Eleven million risk starvation as East Africa drought continues

Eleven million people are at risk of death from hunger and thirst as the effects of continuing drought in East Africa are compounded by regional conflict, the UN special investigator on the right to food has warned.

"Severe droughts coupled with the effects of past and present conflicts have led to acute shortages of water and food," UN special rapporteur Jean Ziegler said Monday.

The drought and resulting lack of food already affects six million people in parts of Somalia, Ethiopia and Kenya, the European Commission estimates.

Hundreds of people and tens of thousands of livestock have died since the drought began last autumn, when rains failed following a decade of low rainfall. The coming months are not likely to bring relief, as rains between March and May are expected to be below average.

Louis Michel, the European Commissioner for Development and Humanitarian Aid, said:

"The lack of rain in parts of East Africa has put the livelihoods of millions of people at risk. The problem is not the lack of food. It's just that many farmers face losing their cattle and are just too poor to buy the food that is available."

The UN special envoy to the Horn of Africa, Kjell Bondevik, has blamed the lack of rain over the last two seasons on climate change.

The European Commission said Tuesday it will give an extra 5m euros in emergency humanitarian aid to East Africa, adding to the 73m euros it has allocated to the crisis so far.

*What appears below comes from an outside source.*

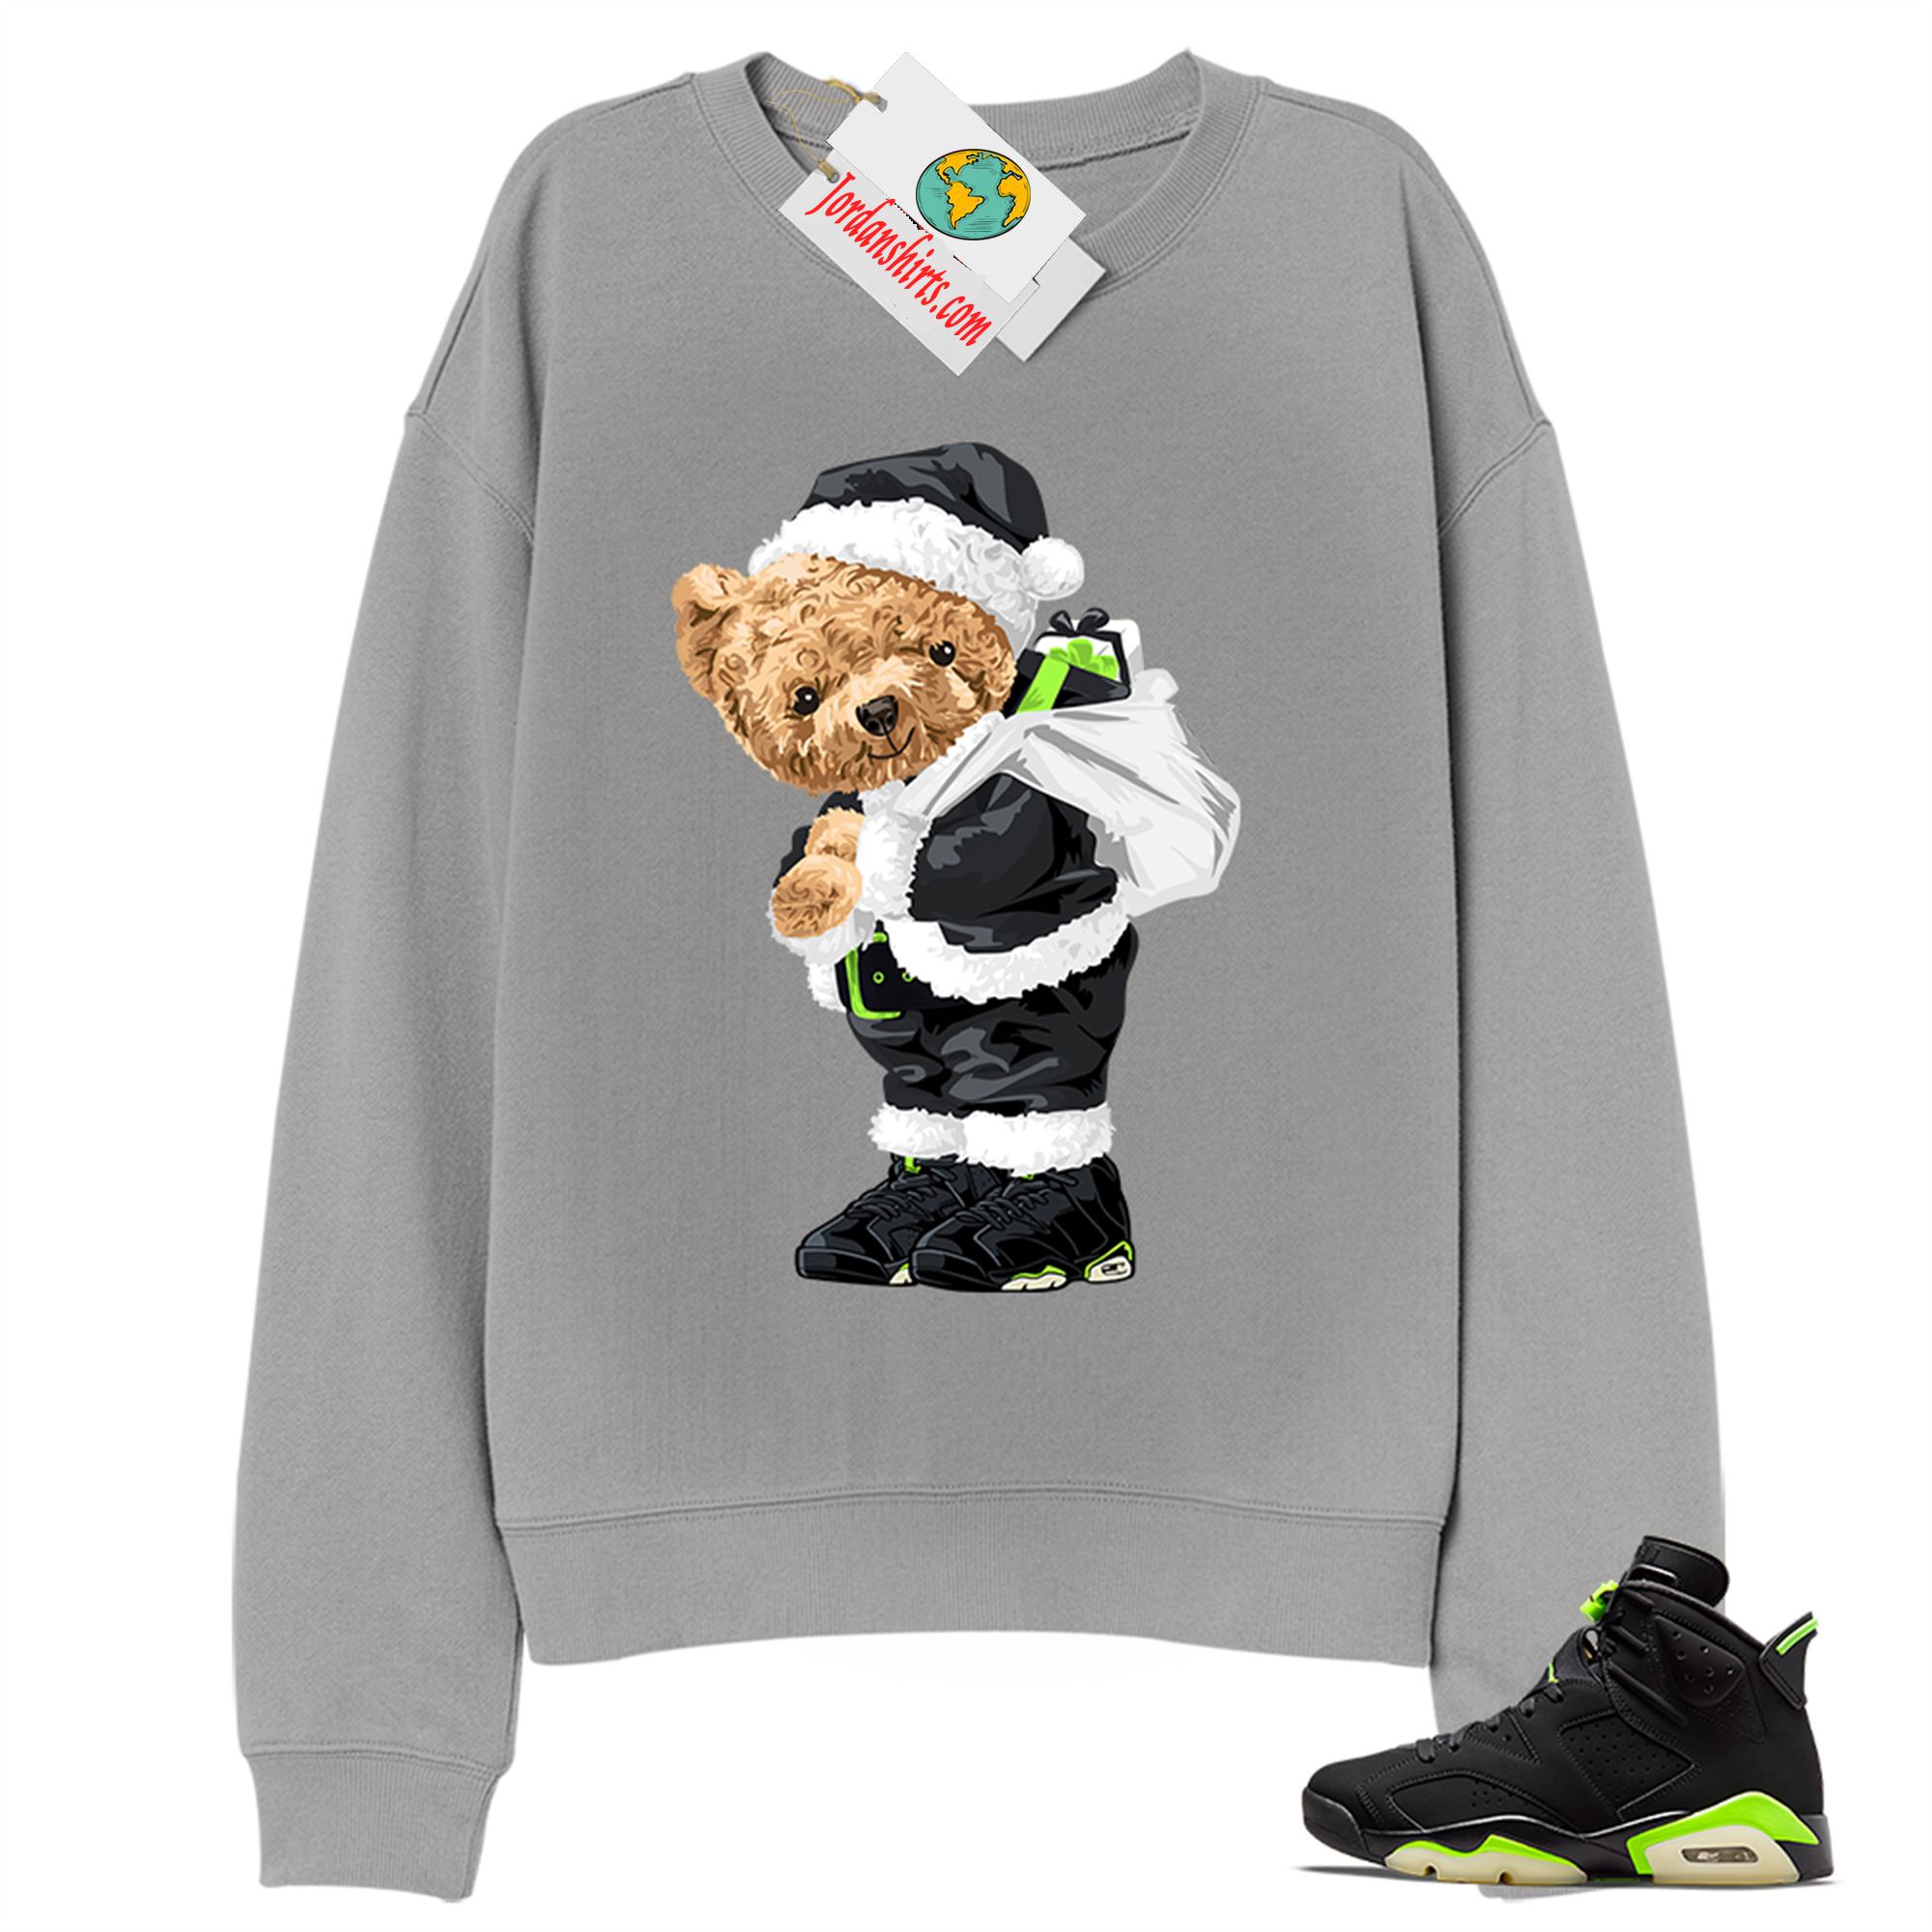 Jordan 6 Sweatshirt, Teddy Bear In Santa Claus Grey Sweatshirt Air Jordan 6 Electric Green 6s Plus Size Up To 5xl

Europe also funds longer-term research and projects aimed at improving water governance, water supply and sanitation infrastructure in Africa.

As government and business representatives debate the global water crisis at the Fourth Water Forum in Mexico (March 16-22), the Commission reviewed water projects so far funded through its Research Framework Programme.

European Science and Research Commissioner Janez Potoènik said: "Good policy is based on good science. This review shows that the research we have done in water management so far has helped put better policy in place."

The Commission's Water Facility, which funds water access projects in Africa, the Caribbean and Pacific regions, looks to allocate a further 178m euros to the second batch of projects. A call for project proposals is to be launched on 31 March.

90% of Water Facility money so far has gone to Africa, where over a third of the population has no access to clean drinking water.